En évoquant des majorités « populaires ou populistes », M. Trudeau estime-t-il que François Legault est un dirigeant de la seconde trempe ? « On verra », répond-il. « Il joue certainement sur des enjeux qu’on a déjà vus, bien souvent, dans les élections québécoises : l’identité nationale, l’identité québécoise, francophone. » Des thèmes qui ont été abordés dans le passé.

« On ne critique personne pour ça », insiste le premier ministre fédéral. « Mais c’est quelque chose qu’on a déjà vu.
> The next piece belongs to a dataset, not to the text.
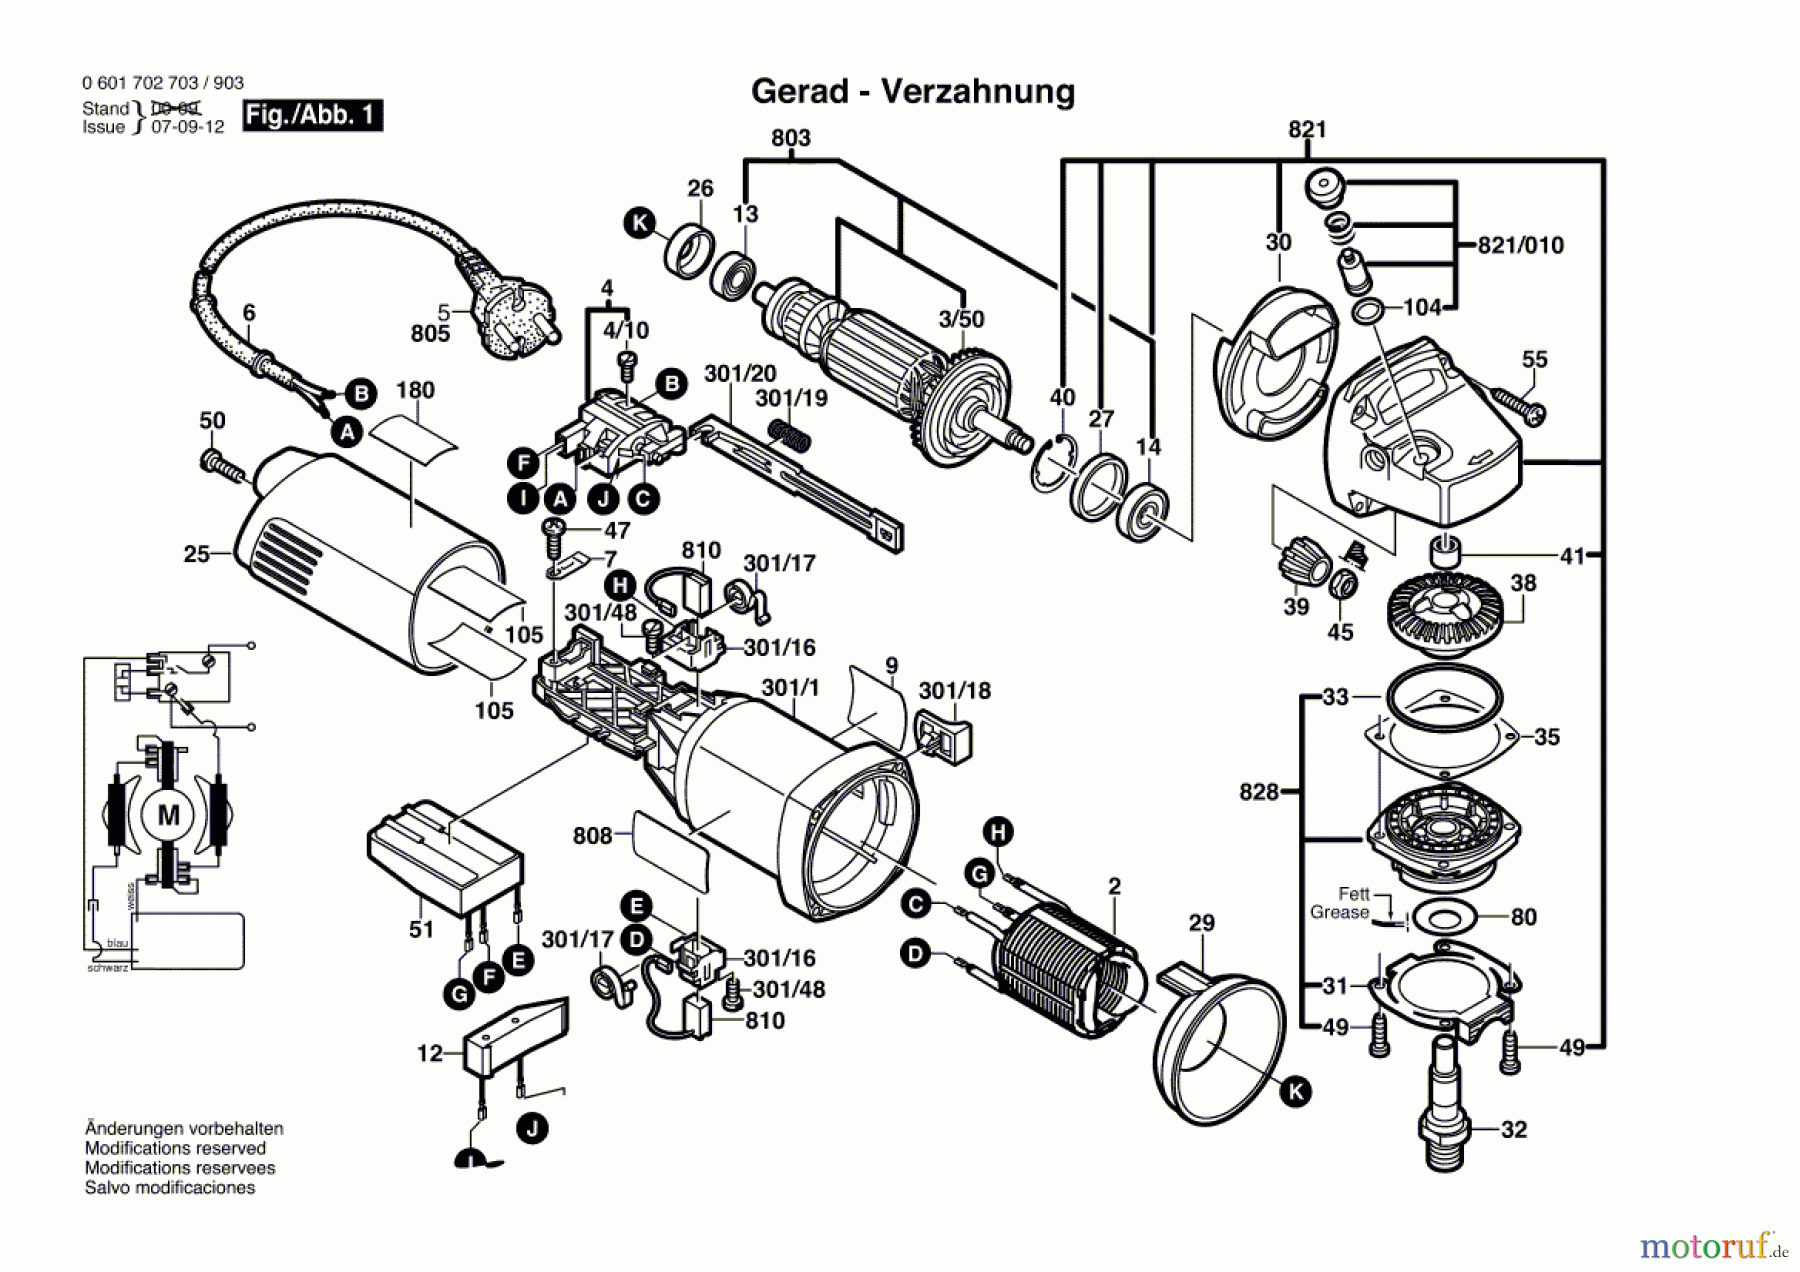  Bosch Werkzeug Winkelschleifer GWS 1000 Seite 1

On voit que ça n’amène pas toujours une société des plus productives ou positives. »

Au congrès de la CAQ, fin mai, à quatre mois du scrutin québécois, François Legault avait annoncé qu’il allait « travailler fort » lors de la campagne électorale afin de décrocher « un mandat fort pour aller négocier avec Ottawa ». Le premier ministre caquiste a entre autres dans sa mire davantage de pouvoirs pour le Québec en matière d’immigration, qu’il réclamera de nouveau au fédéral.

La stratégie avait été la même en 2018, mais Justin Trudeau et son gouvernement avaient alors ignoré les demandes de M. Legault. La CAQ attirerait toutefois aujourd’hui 42 % des intentions de vote au Québec et récolterait 95 des 125 sièges de l’Assemblée nationale, selon les données du site d’agrégation de sondages Qc125.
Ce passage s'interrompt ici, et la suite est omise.